:: Data to examine

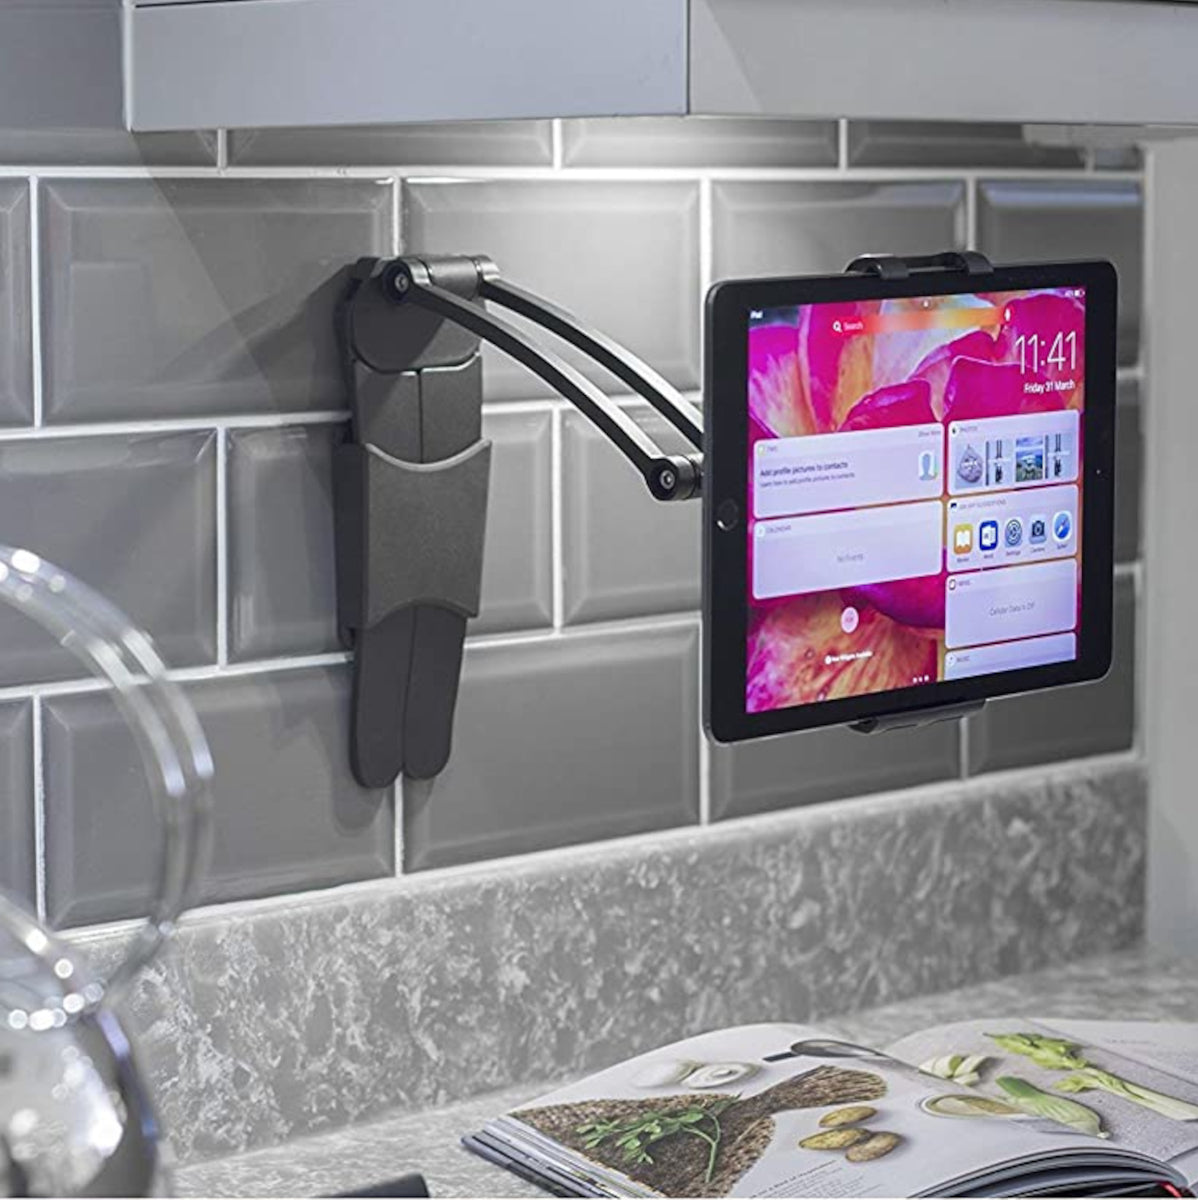  A kitchen with an Apple Ipad Pro held on a wall mounted tablet stand.  The 5mm alen bolts which lock the angles can be seen on the side of the stand in 2 places.  The tablet is around 30cm from the wall. The wall has grey subway tiles with white grout.  A recipe book showing parsley, mushrooms, new potatoes and some greens is open on the kitchen counter 
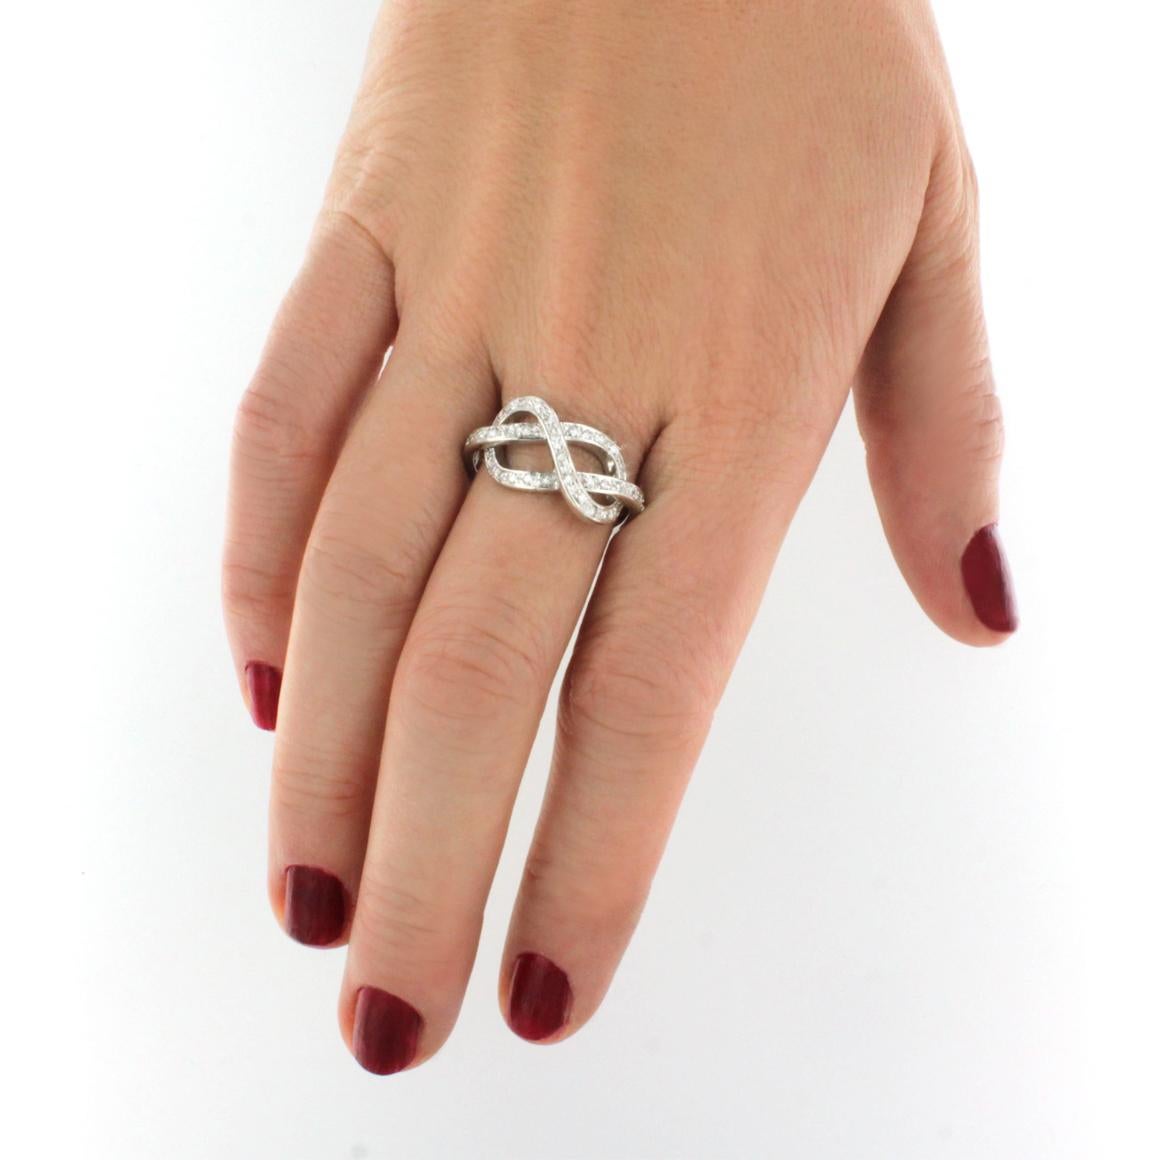 Intertwining of love.  It's a love knot . Timeless ring with white diamonds.
Ring in 18k white gold with white Diamonds cts 0.18 VS colour G/H. 

Size of ring:  15 EU -  8 USA 

All Stanoppi Jewelry is new and has never been previously owned or
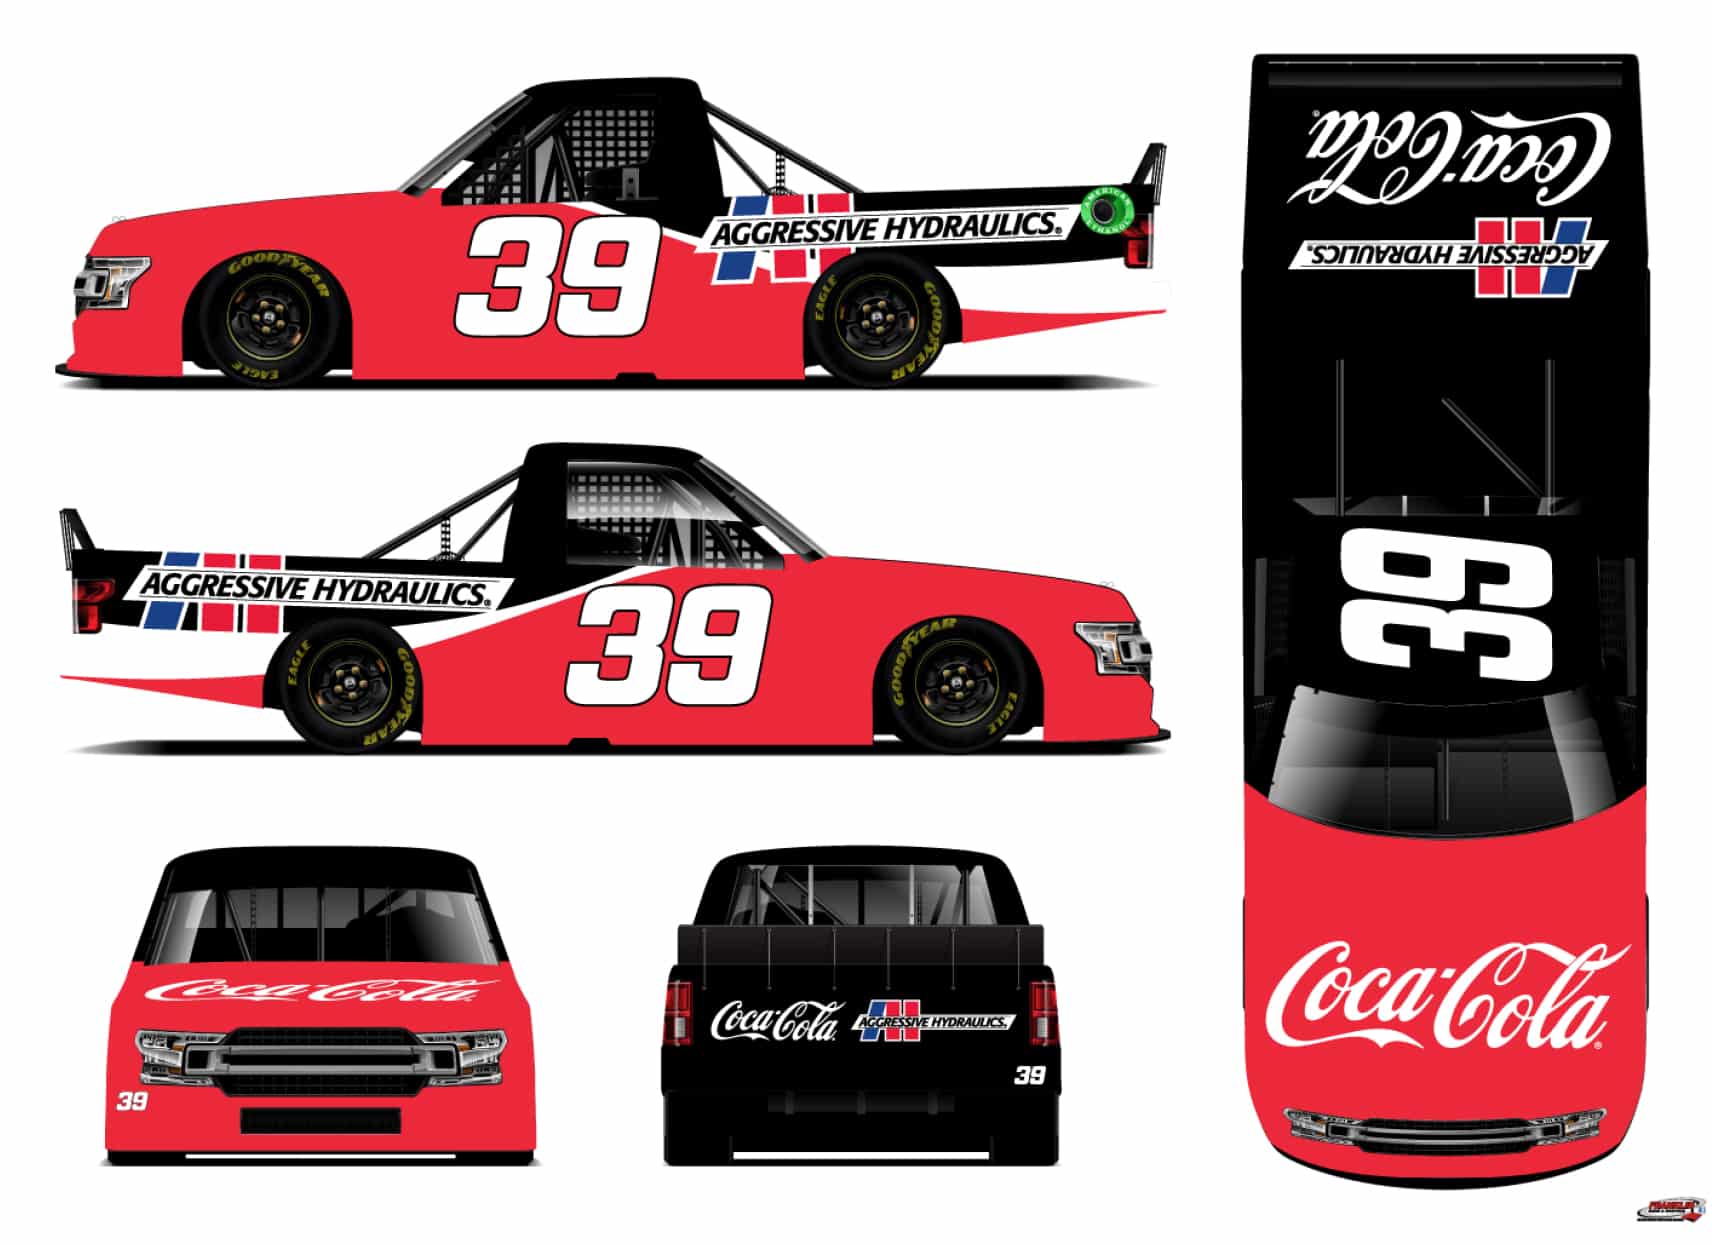 Aggressive Hydraulics DCC Racing to Make NASCAR Debut with Ryan Newman in Pintys Truck Race on Dirt at Bristol Motor Speedway Aggressive Hydraulics -
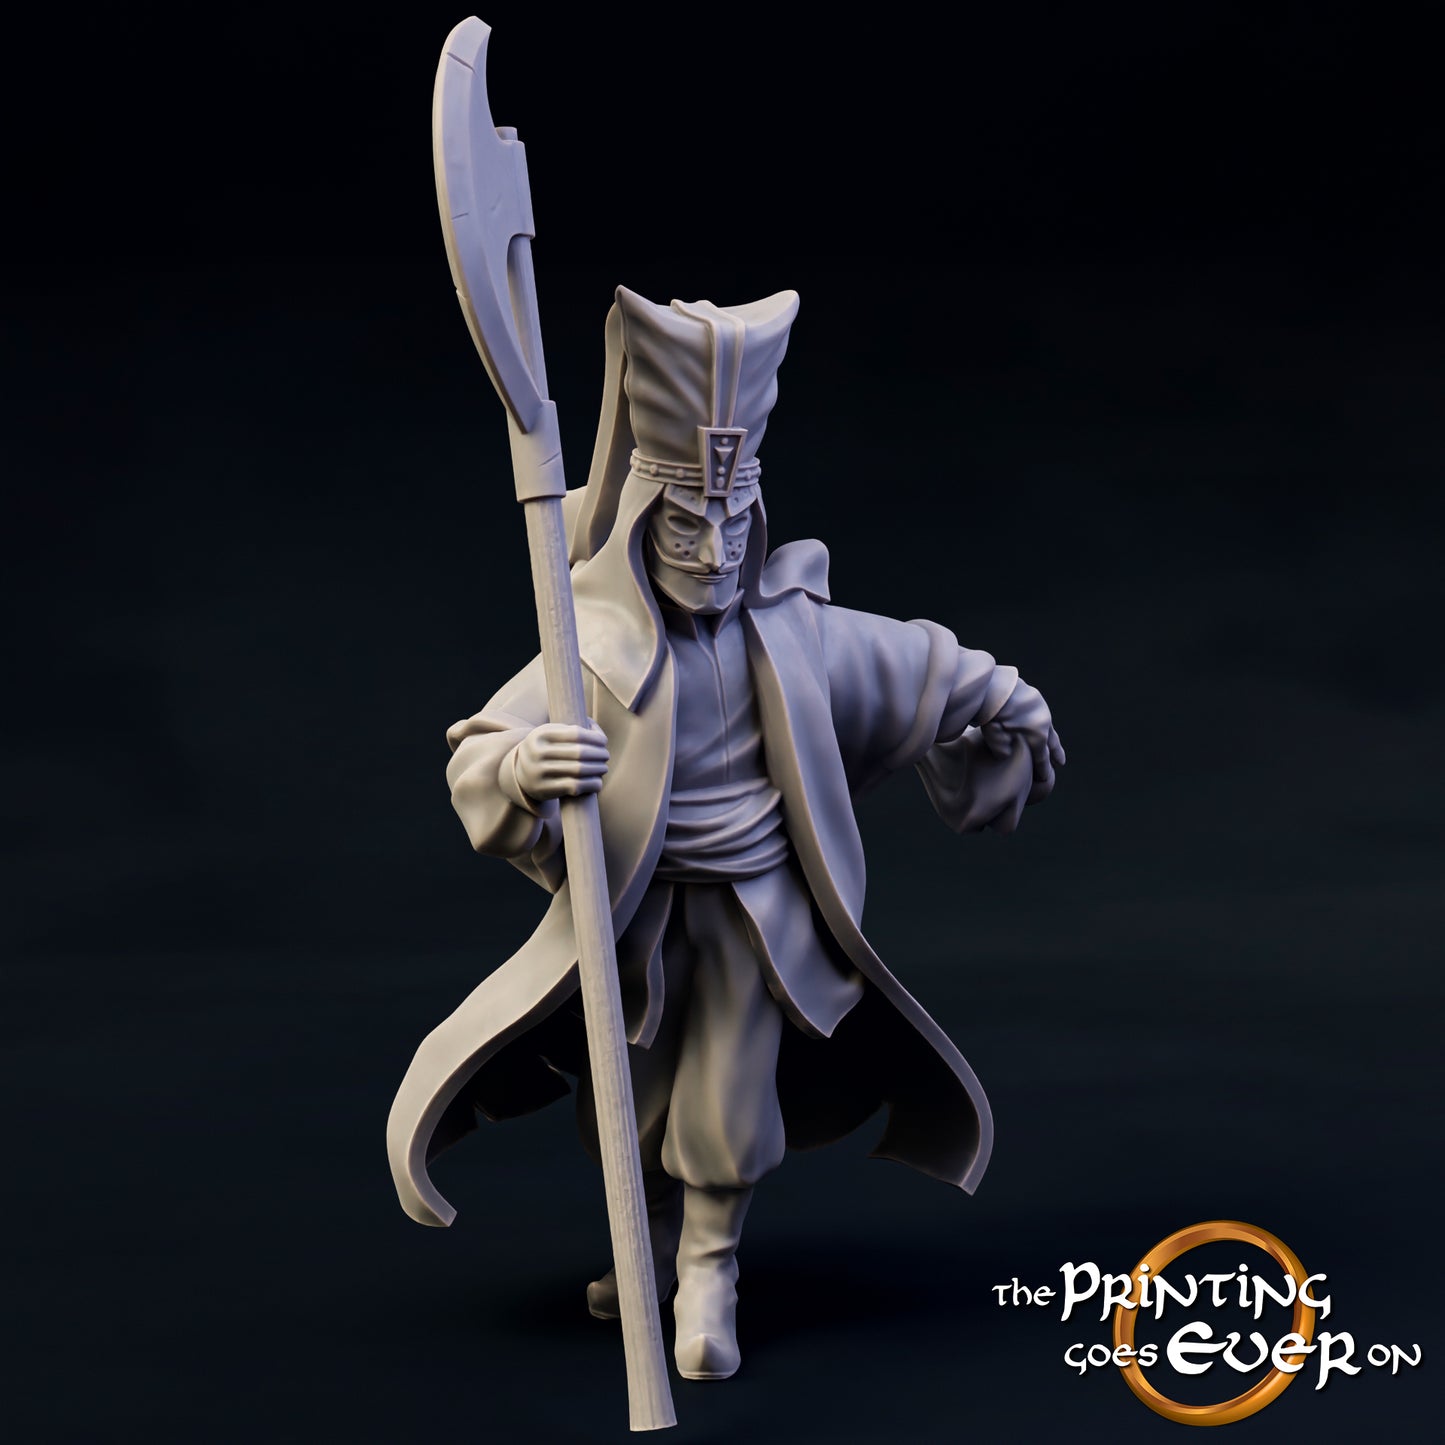 Dark Sorcerer by The Printing Goes Ever On

::::

The answer is the entries above, given again exactly, with no pictures among them.

  A kitchen with an Apple Ipad Pro held on a wall mounted tablet stand.  The 5mm alen bolts which lock the angles can be seen on the side of the stand in 2 places.  The tablet is around 30cm from the wall. The wall has grey subway tiles with white grout.  A recipe book showing parsley, mushrooms, new potatoes and some greens is open on the kitchen counter 
 Intertwining of love.  It's a love knot . Timeless ring with white diamonds.
Ring in 18k white gold with white Diamonds cts 0.18 VS colour G/H. 

Size of ring:  15 EU -  8 USA 

All Stanoppi Jewelry is new and has never been previously owned or
 Aggressive Hydraulics DCC Racing to Make NASCAR Debut with Ryan Newman in Pintys Truck Race on Dirt at Bristol Motor Speedway Aggressive Hydraulics -
 Dark Sorcerer by The Printing Goes Ever On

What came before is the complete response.